According to a UN report published in July, 200 combatants from two rebels groups, the Mai Mai Cheka, of which Mayele was a commander, and the Democratic Forces for the Liberation of Rwanda (FDLR), “systematically attacked civilians” in 13 villages in the remote Walikale region of North Kivu province between July 30th and August 2nd, 2010.
They “looted most of these villages, raped hundreds of civilians . . . and abducted more than a hundred people who were subjected to forced labour”. The UN peacekeeping force in Congo, the largest such mission in the world, was slated for failing to prevent the attacks, which took place just 30km from a UN base.

The UN report documented how the rape of at least 387 civilians – 300 women, 23 men, 55 girls and nine boys – made the Walikale attacks one of the largest documented cases of mass rape in the region.

“Due to the fact that these attacks were well planned in advance and carried out in a systematic, targeted manner, the exactions committed could constitute crimes against humanity and war crimes,” it noted.

Mayele, who served in the Congolese army before he joined the Mai Mai Cheka militia, does not dispute that rape took place but he blames the FDLR, a largely Rwandan Hutu militia, for it. “I am innocent and no one from my group raped,” he says. “It was all the work of the FDLR.”

As a way of bolstering his claims of innocence, Mayele argues that codes of honour adopted by the Mai Mai, loosely connected Congolese militias who tap into local customs and superstitions as a way to inspire fighters, forbid rape. “I am a true Mai Mai and we have rules. You cannot be with a woman who is not yours. Otherwise you will lose your special powers and capabilities.”

A US study last year concluded that 1,152 women are raped every day in Congo, a rate equal to 48 per hour. The highest frequency of rape was found in North Kivu, the province most affected by eastern Congo's smouldering conflict. Mayele, however, is nonchalant. “Rape is a weapon for men to use,” he shrugs. Later he even suggests sexual violence is inevitable when fighters spend months in the mountains and forests without seeing a woman.

He also accuses NGOs of exaggerating the problem, and claims women are paid $10 to say they were raped.

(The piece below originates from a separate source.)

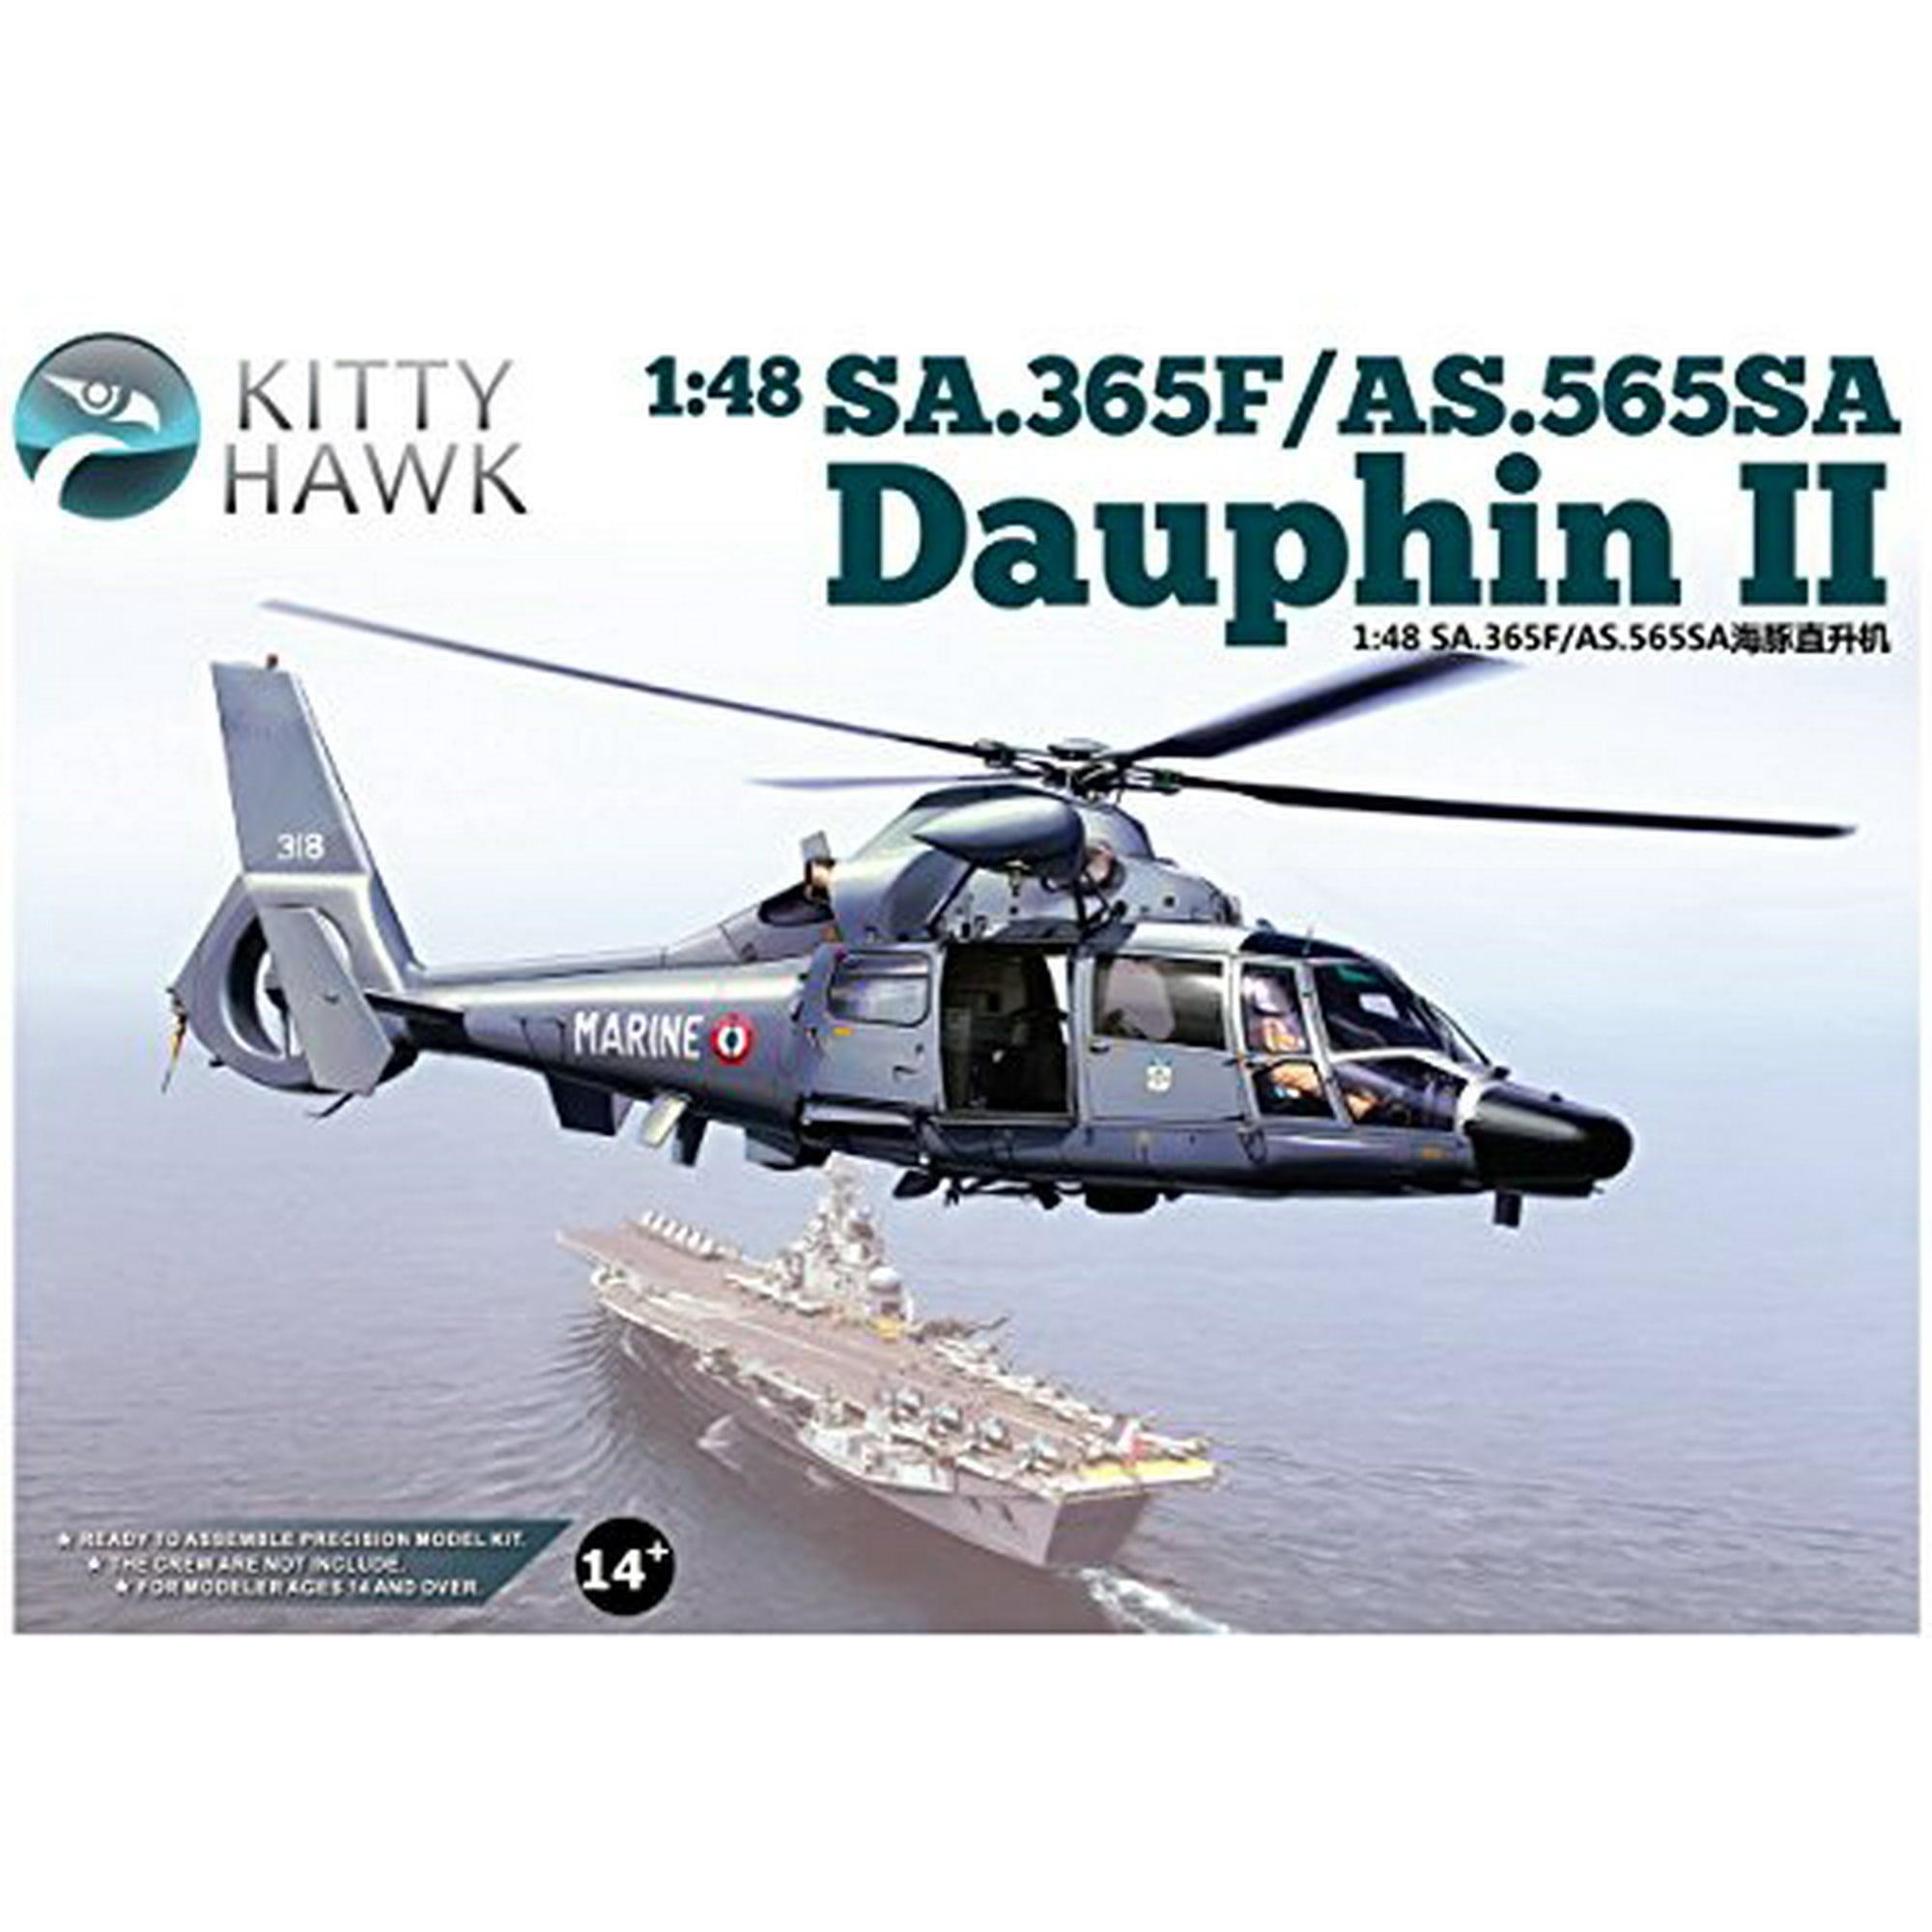 Kitty Hawk KH80107 1/48 scale Dauphin II SA.365N model kit 2019
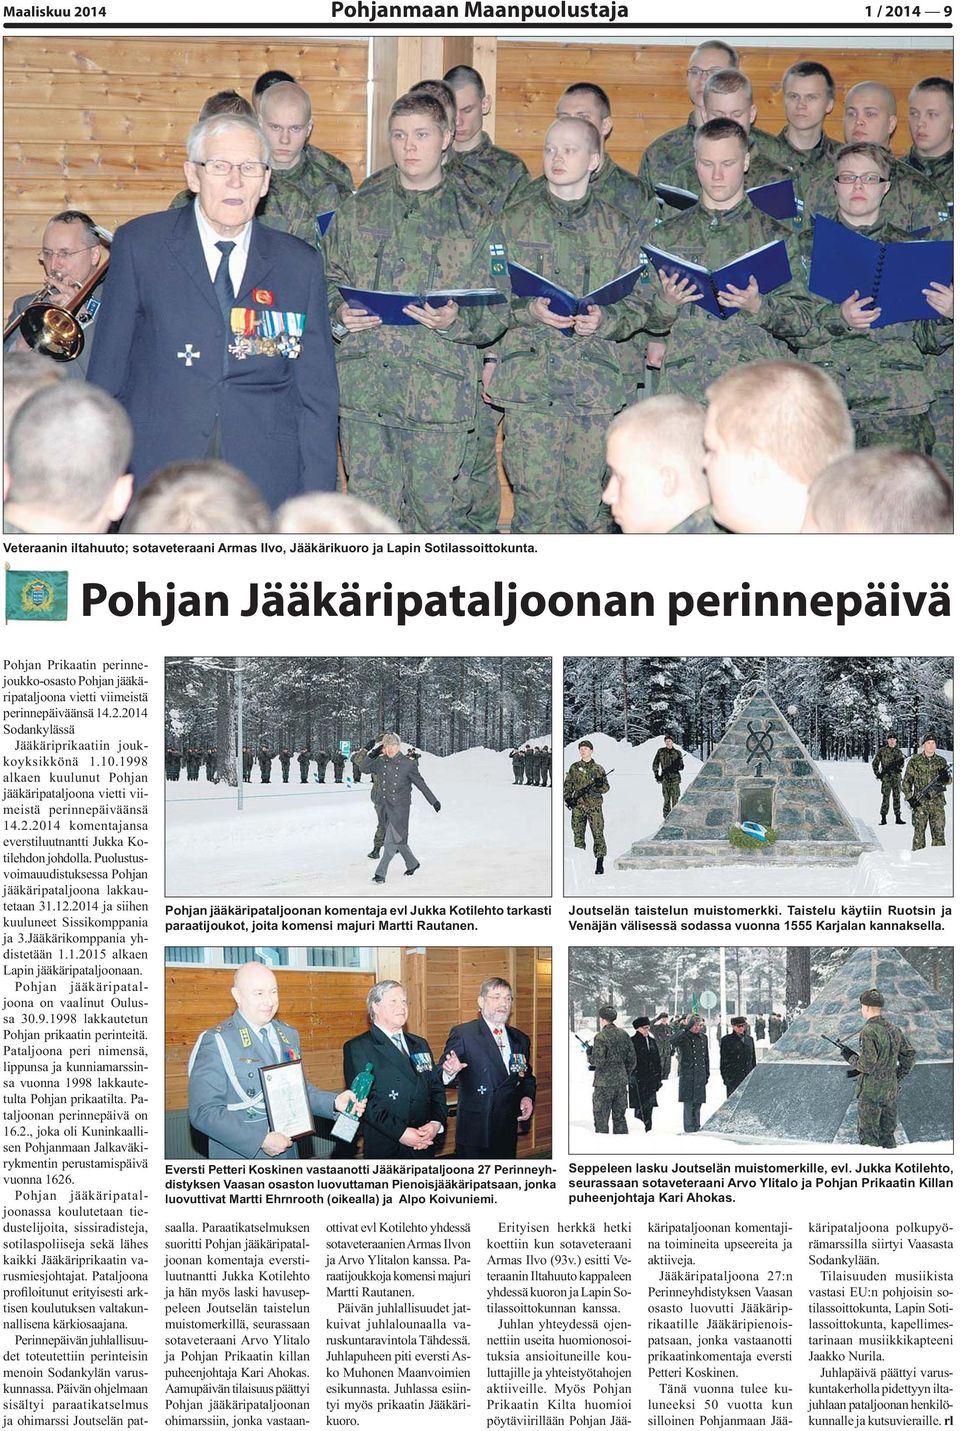 1998 alkaen kuulunut Pohjan jääkäripataljoona vietti viimeistä perinnepäiväänsä 14.2.2014 komentajansa everstiluutnantti Jukka Kotilehdon johdolla.

Prosecutor Christophe Mputu Mpendi says plans are afoot to hold a hearing for Mayele's case in Walikale so that witnesses can testify against him there. But Mayele is not the only one implicated in the Walikale attacks. Military authorities have issued seven other arrest warrants for crimes against humanity, including for sexual violence, and other serious crimes, against Ntabo Ntaberi Cheka, leader of the Mai Mai militia that bears his name and under whom Mayele served; two FDLR rebel commanders; and four Congolese army deserters.

Apart from Mayele, however, no other arrests have been made. In a blatant example of Congo's culture of impunity, Cheka himself, who handed over Mayele to the UN in what some suspect was a bid to shield himself from prosecution, openly campaigned as candidate for parliamentary elections in late November. The UN Security Council recently added Cheka to its sanctions list, subjecting him to a travel ban and assets freeze. Yet still he operates freely, infuriating rights groups.

“If the Congolese government is serious about ending sexual violence, then it needs to demonstrate the political will to arrest those implicated in mass rape,” said Anneke van Woudenberg of Human Rights Watch.